- **Task statement**: Return the listing in full and exactly, but without a single picture.

- **Supplied data**:
━━━━━━━━

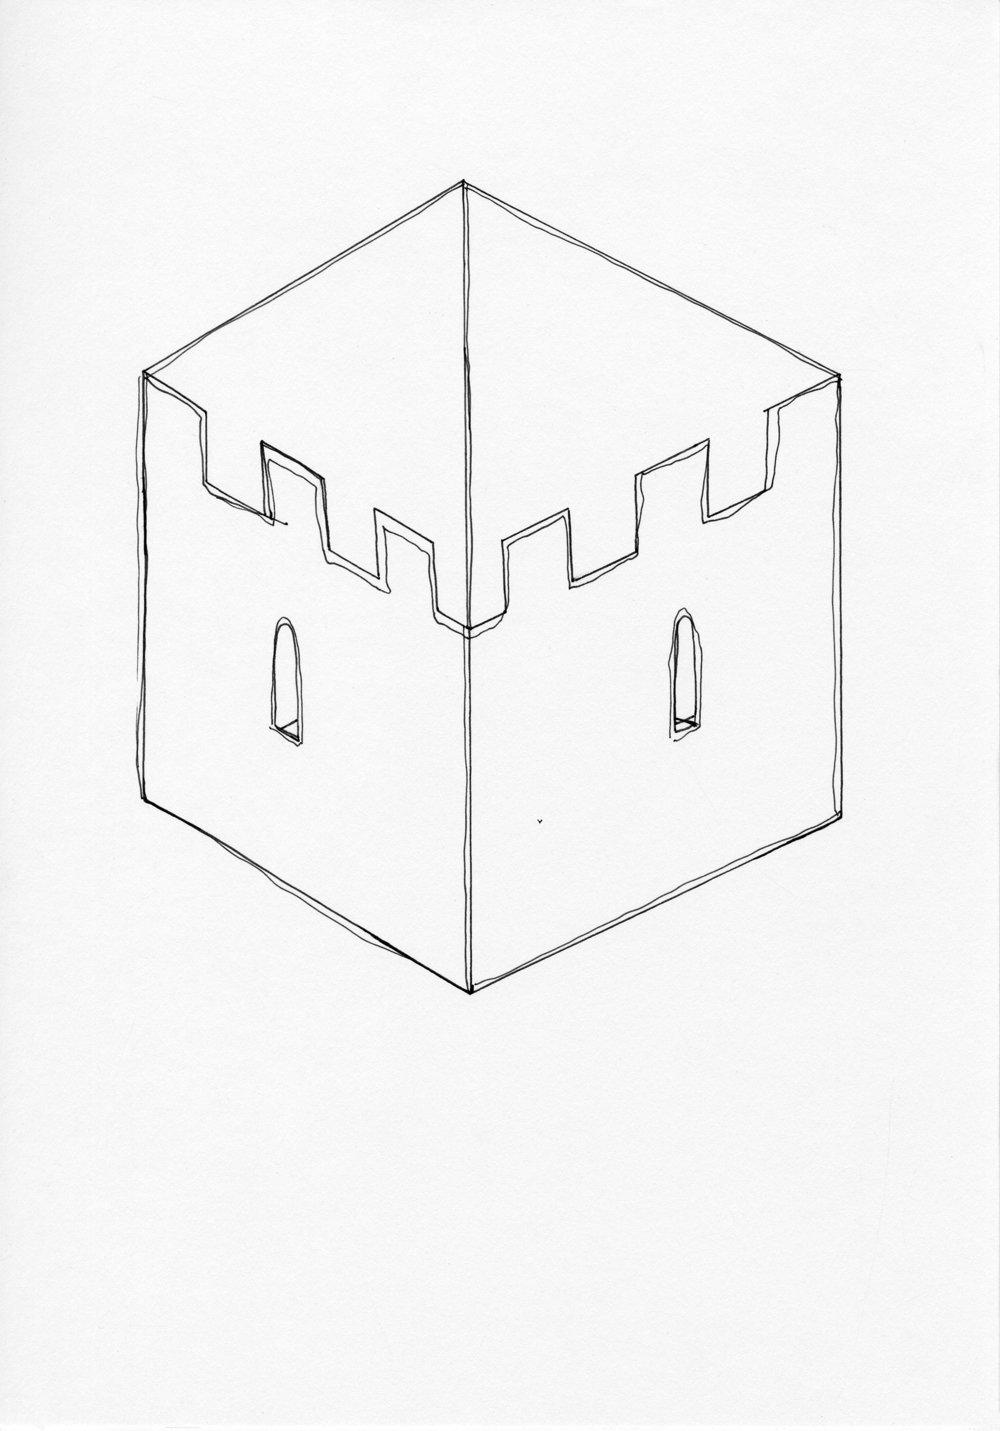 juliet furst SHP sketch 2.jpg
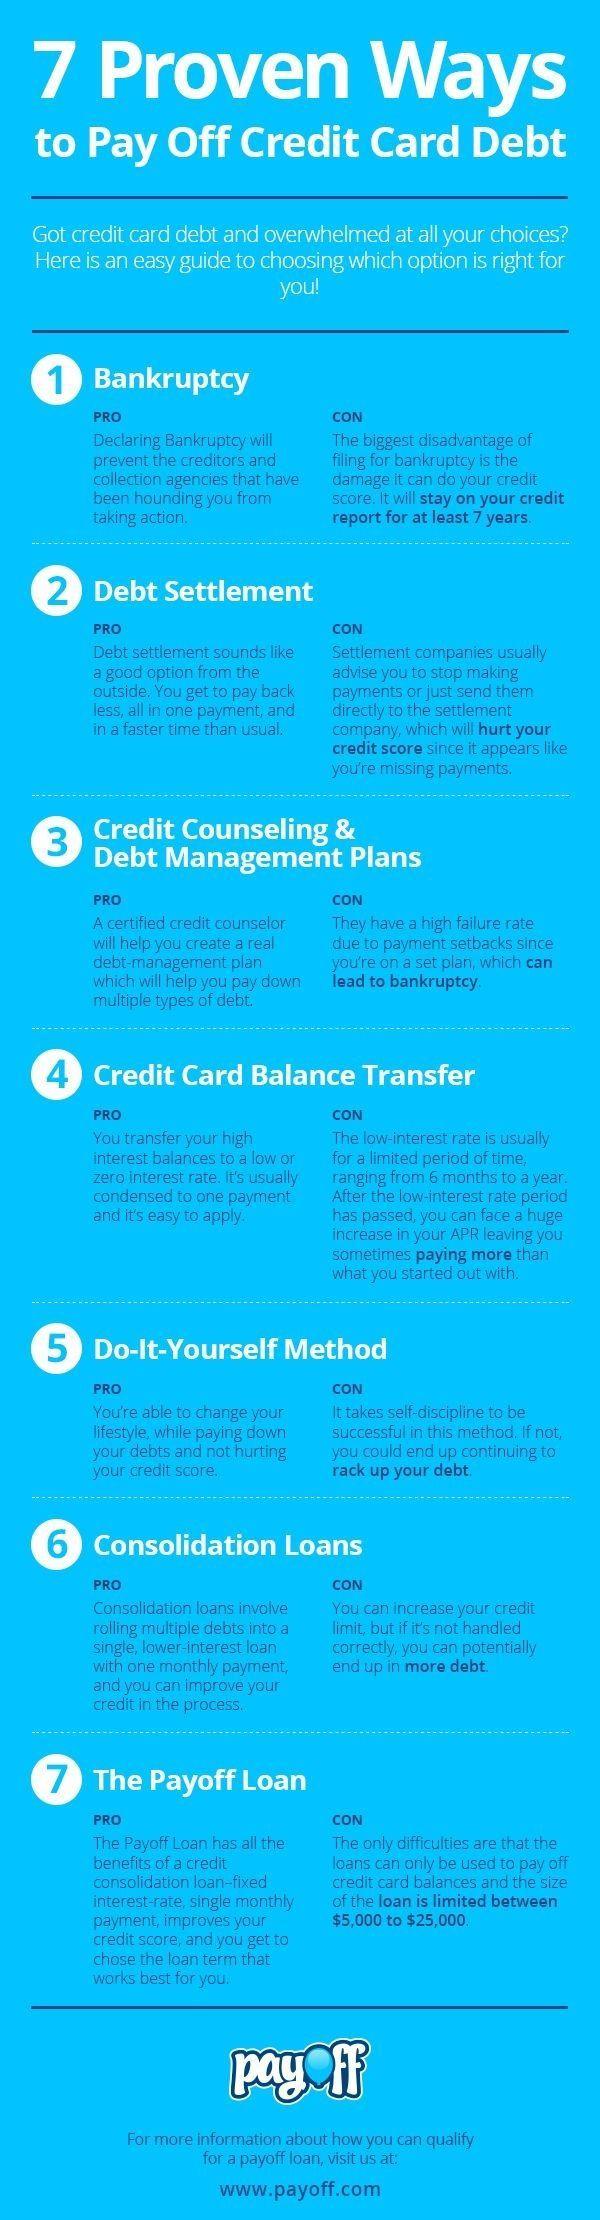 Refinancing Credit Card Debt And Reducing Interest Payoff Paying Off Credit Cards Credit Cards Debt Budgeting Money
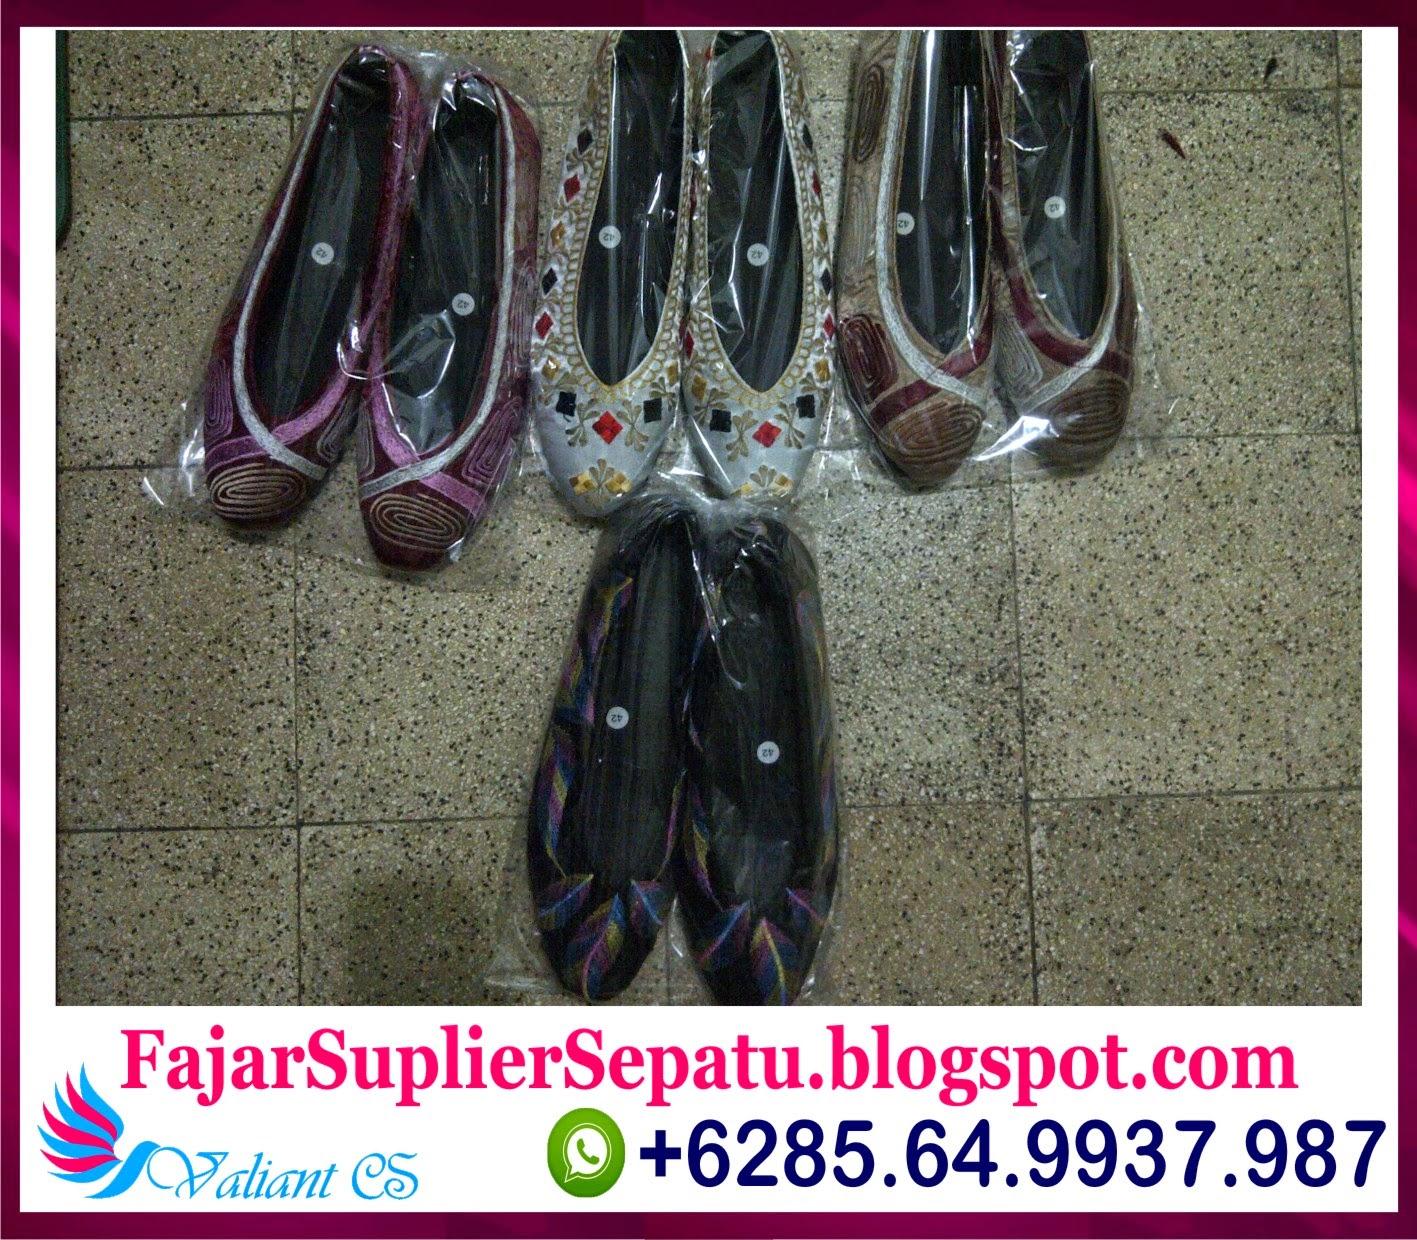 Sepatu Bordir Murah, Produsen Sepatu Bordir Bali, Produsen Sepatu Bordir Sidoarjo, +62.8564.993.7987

━━━━━━━━

- **Reply**:
 juliet furst SHP sketch 2.jpg
 Refinancing Credit Card Debt And Reducing Interest Payoff Paying Off Credit Cards Credit Cards Debt Budgeting Money
 Sepatu Bordir Murah, Produsen Sepatu Bordir Bali, Produsen Sepatu Bordir Sidoarjo, +62.8564.993.7987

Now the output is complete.